Schmaltz alluded to the desperation and personal circumstances behind Brownlee’s actions that day, but said the context could not excuse his actions.

“I don’t disregard the sadness of his situation,” she said, “but this behaviour has to be deterred and it has to be denounced.”

Brownlee attempted to interrupt the judge in conciliatory tone, but was not permitted to speak.

In addition to his jail sentence, Brownlee will spend two years on probation, must perform 100 hours of community service, and must pay a $500 victims of crime surcharge by the end of March 2016. The judge declined to issue him any firearms prohibition, saying she did not believe it would be “necessary or helpful”.

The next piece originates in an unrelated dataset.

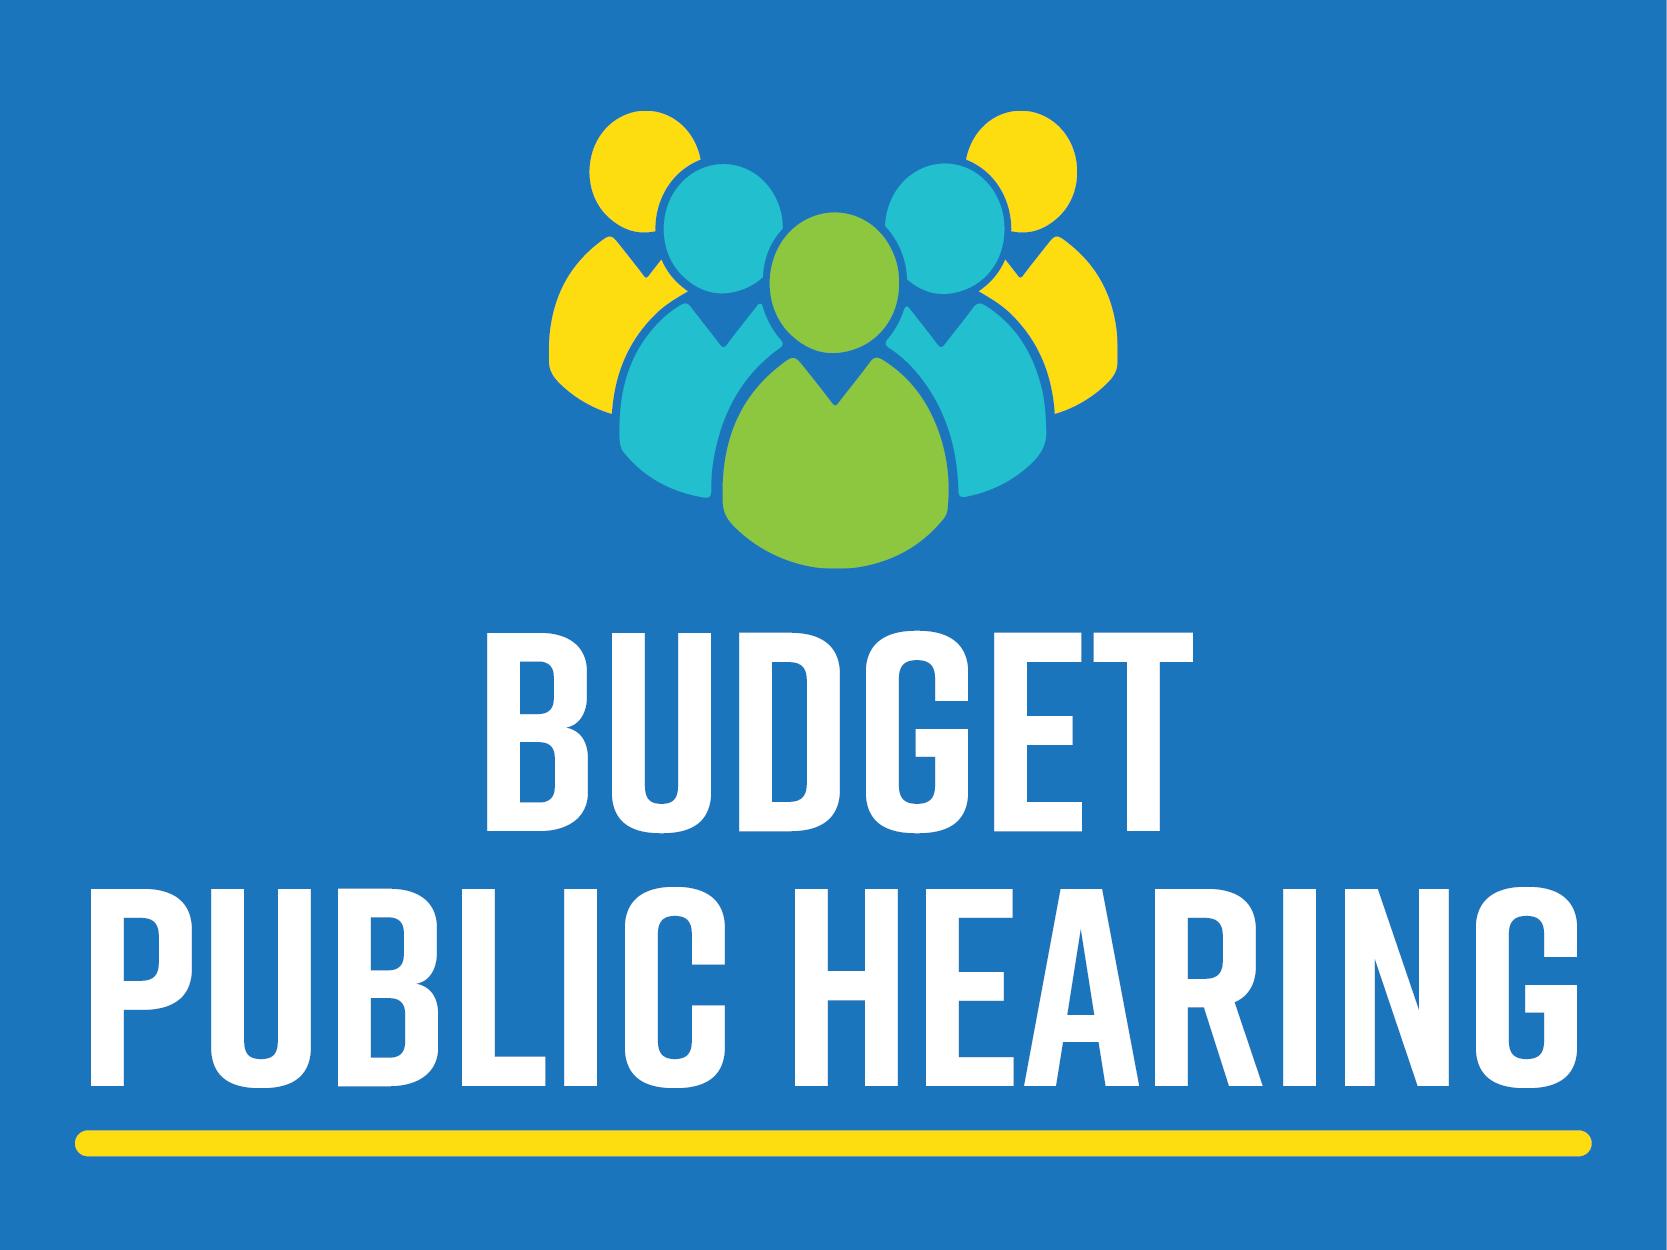 Charlotte County Fl School Calendar 2021-2022 First Budget Public Hearing | Charlotte County, FL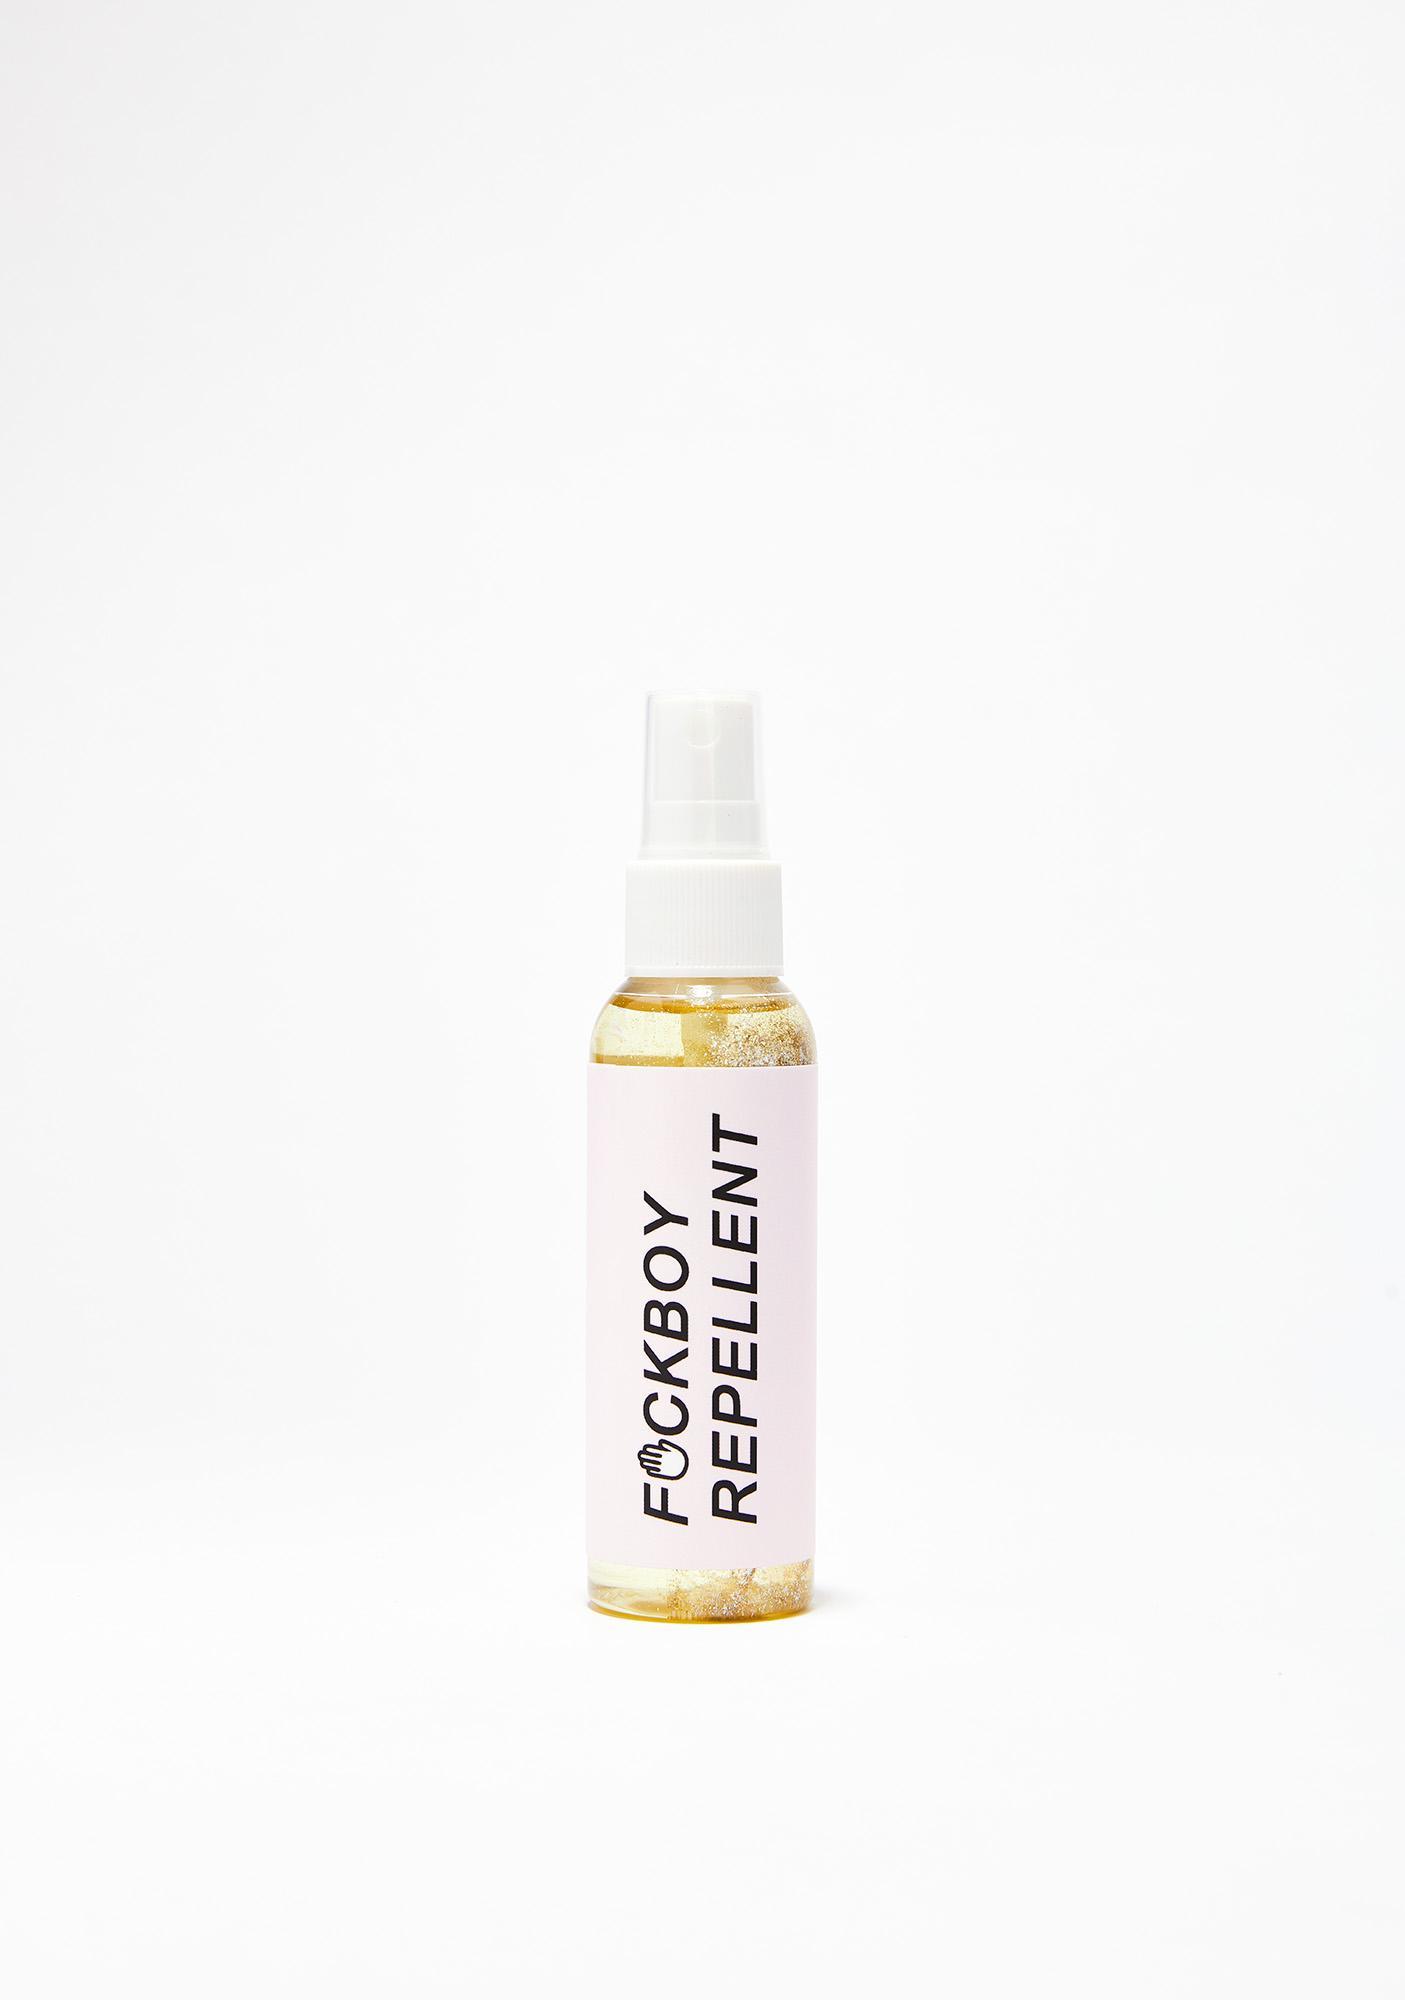 Lovability Inc. Fuckboy Repellent

Note: For a period of several hours on December 18, 2014, Moose FM reported this incident as a ‘hoax’ based on the accounts of two separate witnesses closely connected to that day’s events. Those witnesses told us no hostages had been involved and we reported accordingly, unaware of the unusual sequence of events that we now know took place. Our reporting was amended within three hours of publication based on police information. We regret the error.